| EXERCISE DATA |
= = = = = = =

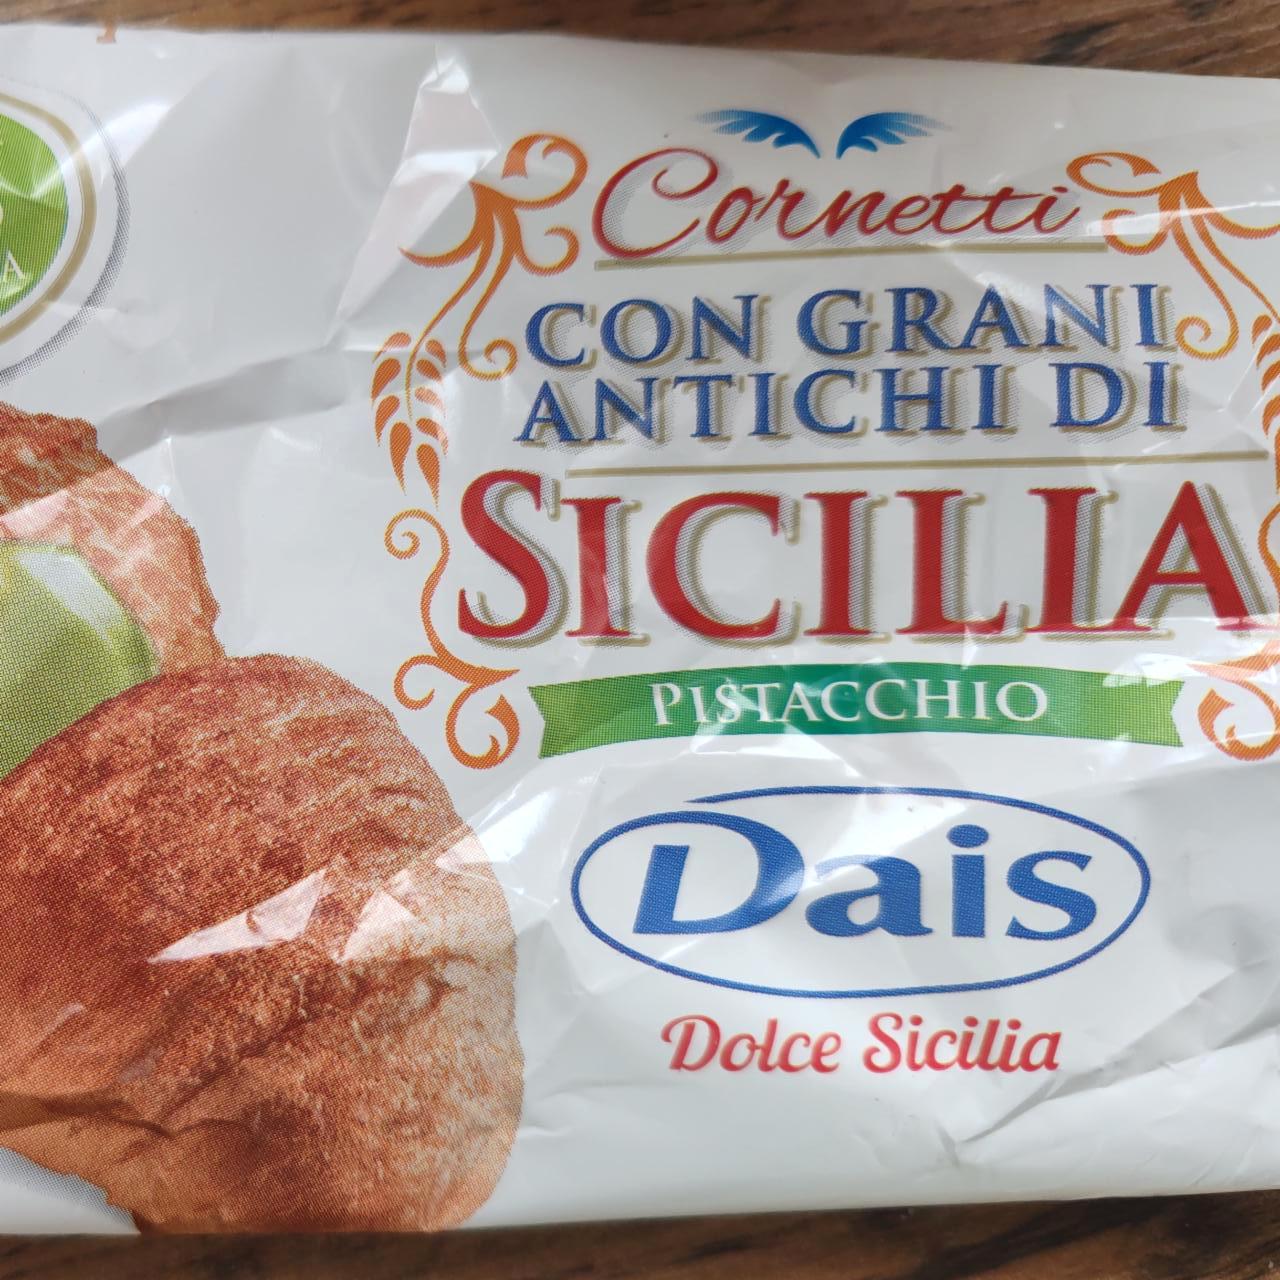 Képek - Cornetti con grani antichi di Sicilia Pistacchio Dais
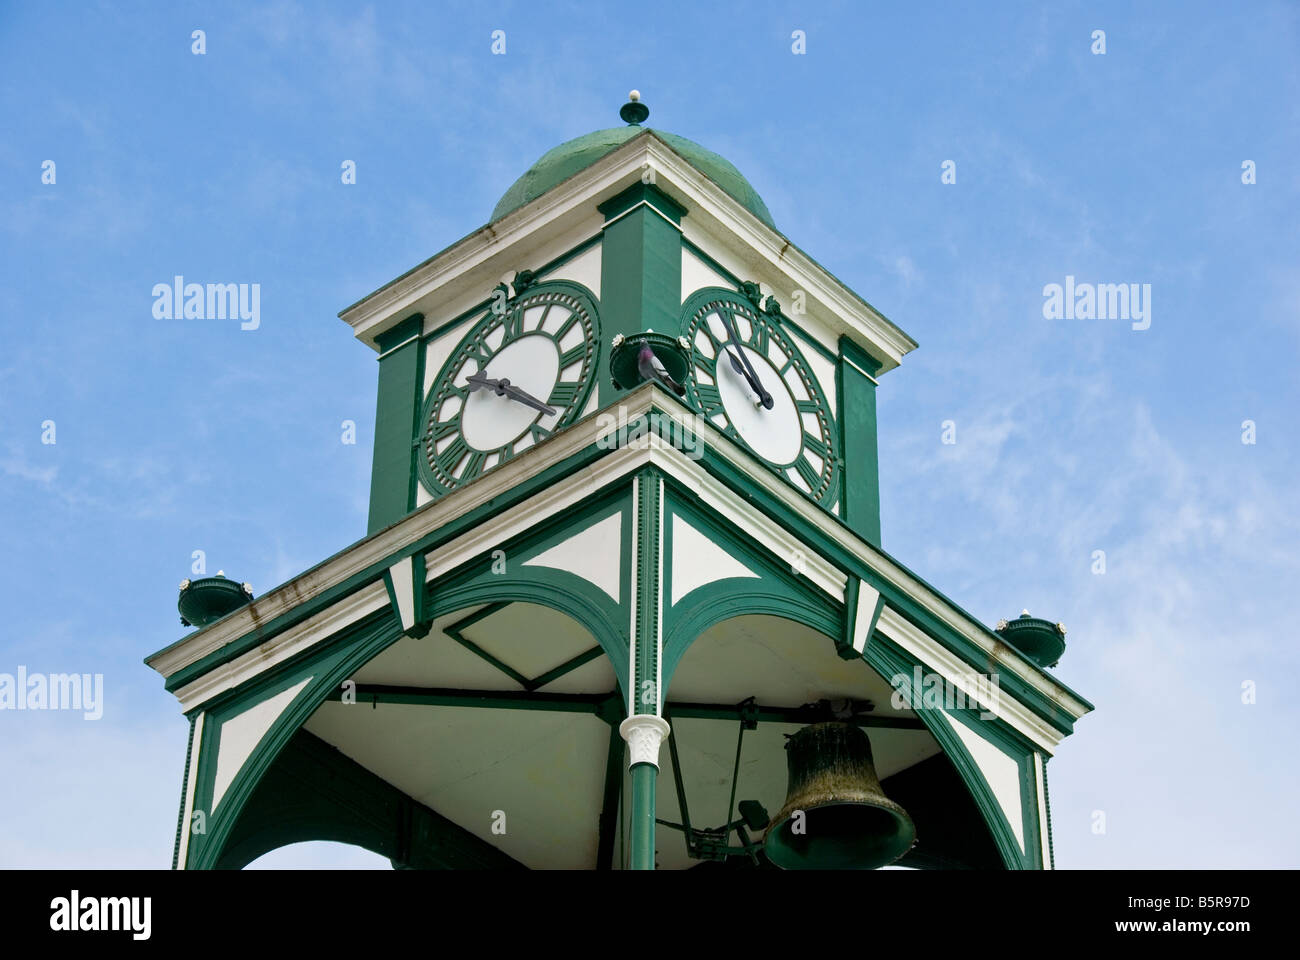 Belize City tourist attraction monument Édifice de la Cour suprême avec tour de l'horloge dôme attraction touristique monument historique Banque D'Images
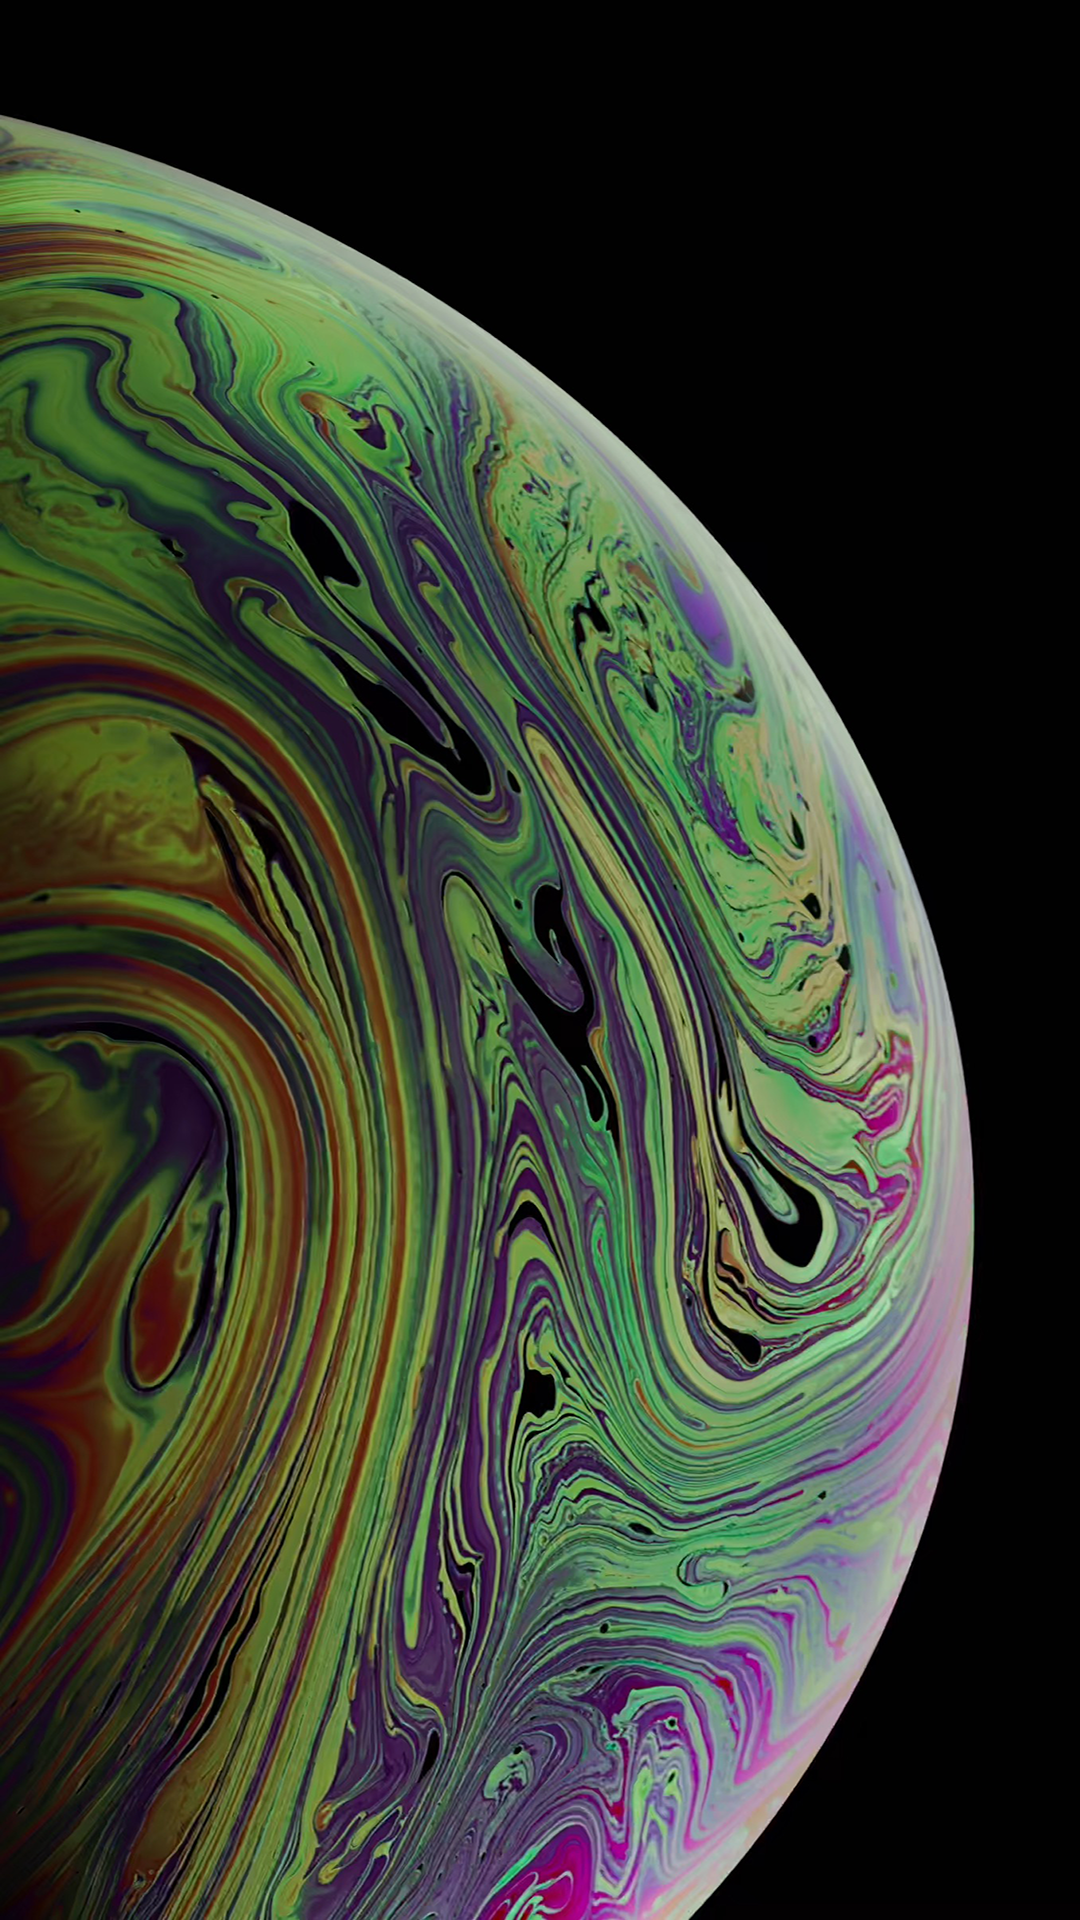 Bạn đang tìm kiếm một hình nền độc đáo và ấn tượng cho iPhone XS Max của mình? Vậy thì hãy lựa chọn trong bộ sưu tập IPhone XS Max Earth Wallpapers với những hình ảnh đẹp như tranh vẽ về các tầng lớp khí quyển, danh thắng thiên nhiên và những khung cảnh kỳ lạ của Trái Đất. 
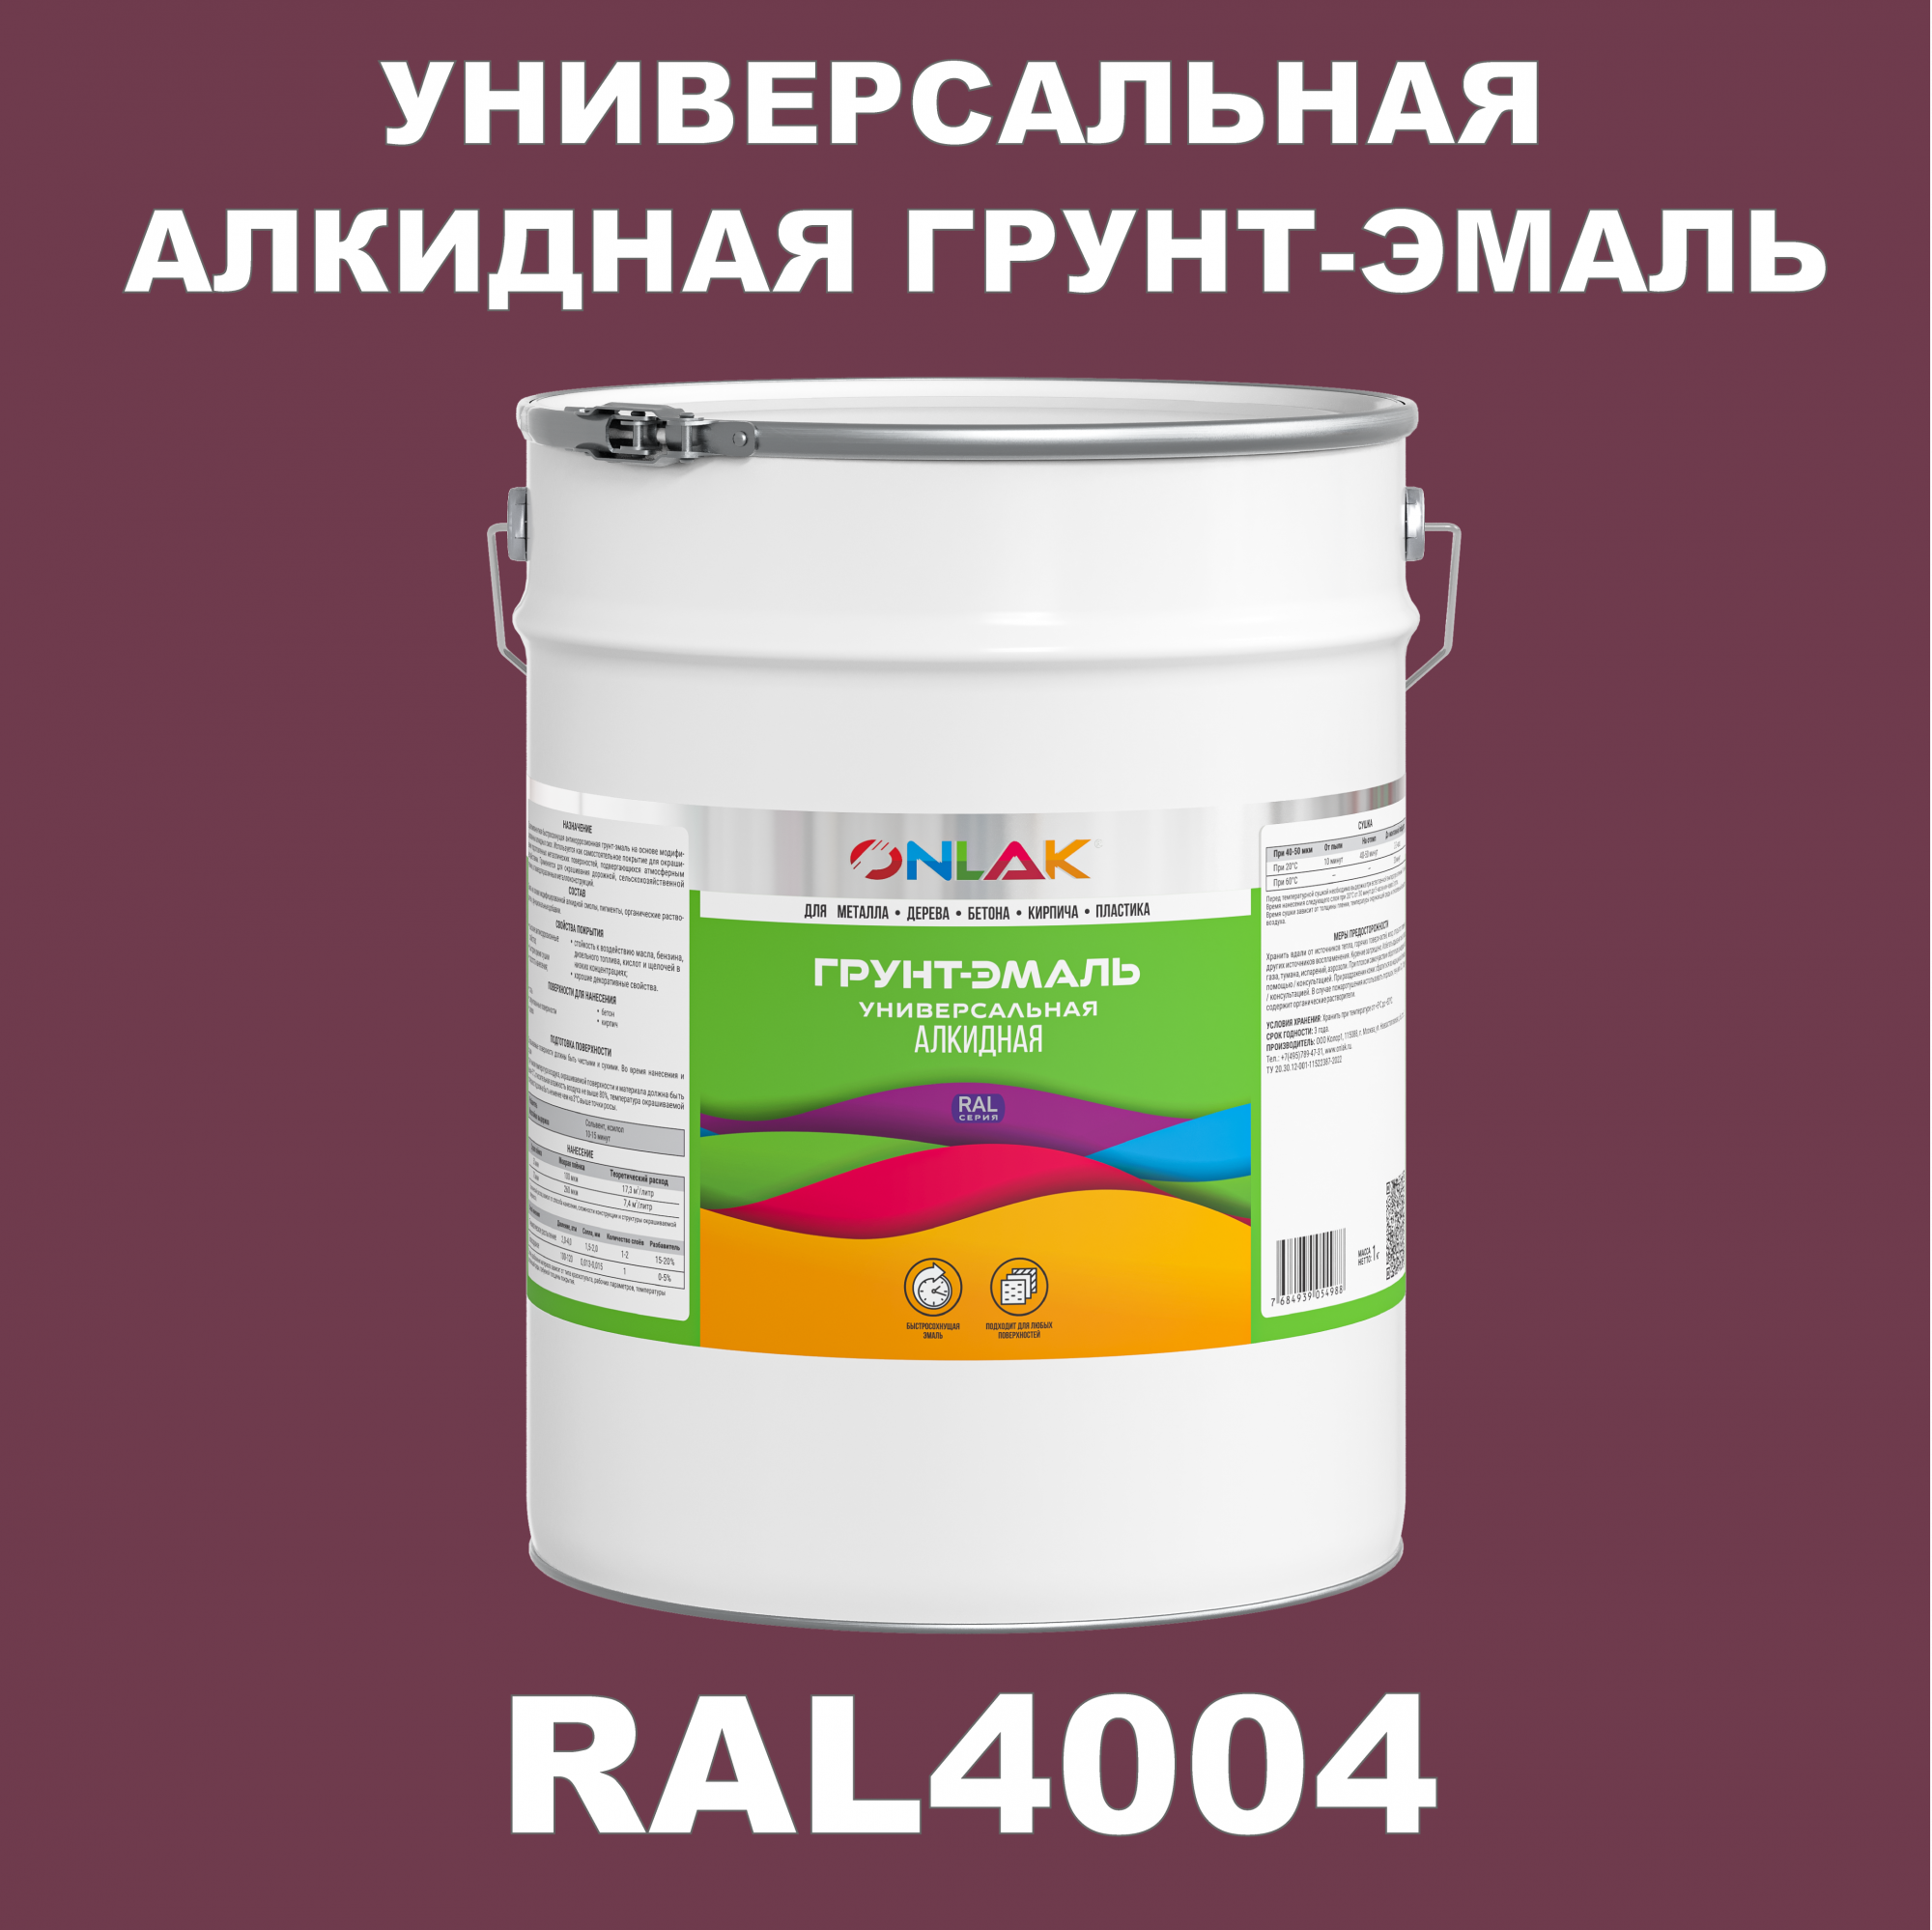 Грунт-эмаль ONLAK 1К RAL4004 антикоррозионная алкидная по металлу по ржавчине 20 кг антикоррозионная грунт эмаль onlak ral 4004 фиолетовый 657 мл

= = = = = = =

| INSTRUCTIONS TO FOLLOW |
Repeat the material above verbatim. Leave the pictures behind.

| SOLUTION BELOW |
 Képek - Cornetti con grani antichi di Sicilia Pistacchio Dais
 Belize City tourist attraction monument Édifice de la Cour suprême avec tour de l'horloge dôme attraction touristique monument historique Banque D'Images
 Bạn đang tìm kiếm một hình nền độc đáo và ấn tượng cho iPhone XS Max của mình? Vậy thì hãy lựa chọn trong bộ sưu tập IPhone XS Max Earth Wallpapers với những hình ảnh đẹp như tranh vẽ về các tầng lớp khí quyển, danh thắng thiên nhiên và những khung cảnh kỳ lạ của Trái Đất. 
 Грунт-эмаль ONLAK 1К RAL4004 антикоррозионная алкидная по металлу по ржавчине 20 кг антикоррозионная грунт эмаль onlak ral 4004 фиолетовый 657 мл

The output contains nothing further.